Arizona’s SB 1070 and immigration enforcement actions by law enforcement under “inherent authority” will result in racial profiling—an unfortunately predictable result that is due to the federal government’s failure to maintain control of immigration enforcement. By actively transferring federal authority to the states to enforce civil immigration laws through programs like the 287(g) Program and the Secure Communities Initiative, the federal government has set the stage for a law like SB 1070 to pass.

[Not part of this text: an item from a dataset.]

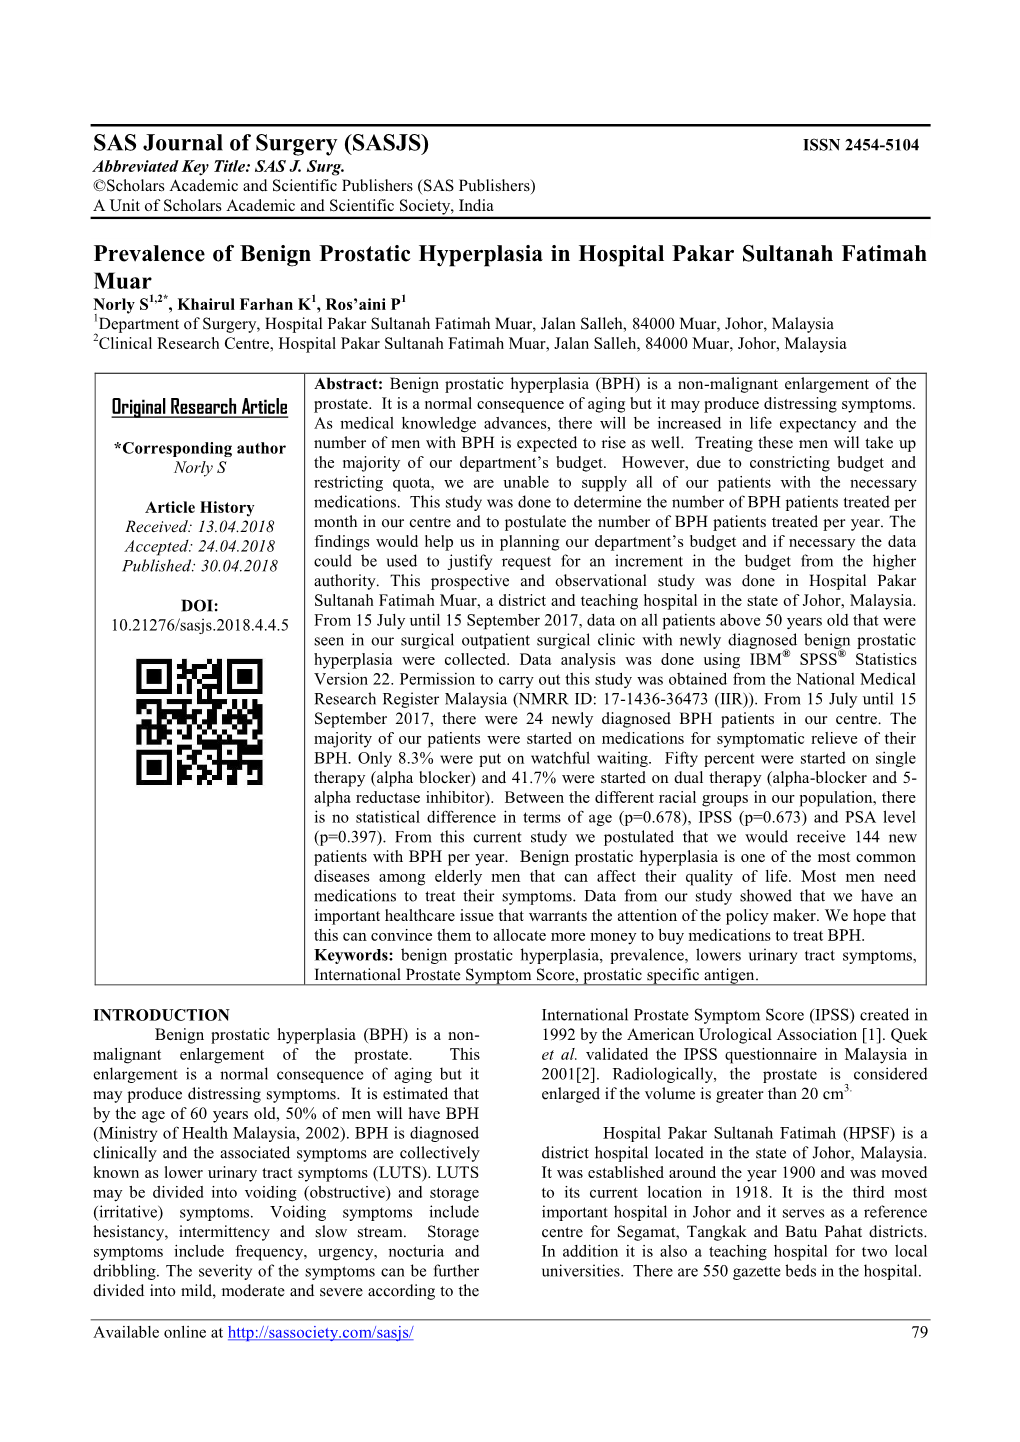 (SASJS) Prevalence of Benign Prostatic Hyperplasia in Hospital

This should not be a partisan issue. Former Republican Governor of Florida Jeb Bush and Republican Congressman Connie Mack (representing Florida’s 14th congressional district) have acknowledged the burdens and significant civil liberties issues, including potential constitutional rights violations, placed on law enforcement by measures like SB 1070 that implicate state and local law enforcement in federal immigration work. Only federal agents should have the authority to enforce federal immigration laws. It’s time that the Obama Administration gets serious about reclaiming the federal government’s exclusive authority over immigration enforcement, lest other anti-immigrant laws like Arizona’s SB 1070 are unleashed across the country and create a patchwork of conflicting systems of rights and restrictions for non-citizens. The Administration should:
· rescind the 2002 DOJ Office of Legal Counsel (OLC) “inherent authority” memo that reversed historical trends to keep state and local law enforcement out of federal civil immigration work and the OLC should issue a new memo clarifying that state and local law enforcement agents may not enforce federal immigration laws absent formal authority granted to them by the federal government;
· revise the Department of Justice’ June 2003 guidance on racial profiling to eliminate the loopholes created for national security and border searches, to include religion and national origin as protected classes, to apply the guidance to state and local law enforcement agencies, and to make the Guidance enforceable in a court of law;
· terminate the 287(g) program and all other federal immigration enforcement programs that rely on state and local criminal justice systems, including the Secure Communities Initiative and the Criminal Alien Program; and
· urge Congress to introduce and pass meaningful federal legislation prohibiting racial profiling. Congress must also do its part to introduce and pass this bill.
The Rights Working Group (RWG) is a national coalition of immigrant rights, human rights, civil liberties and national security organizations that formed after September 11th, 2001 and committed to guaranteeing human rights protections for all people in the United States.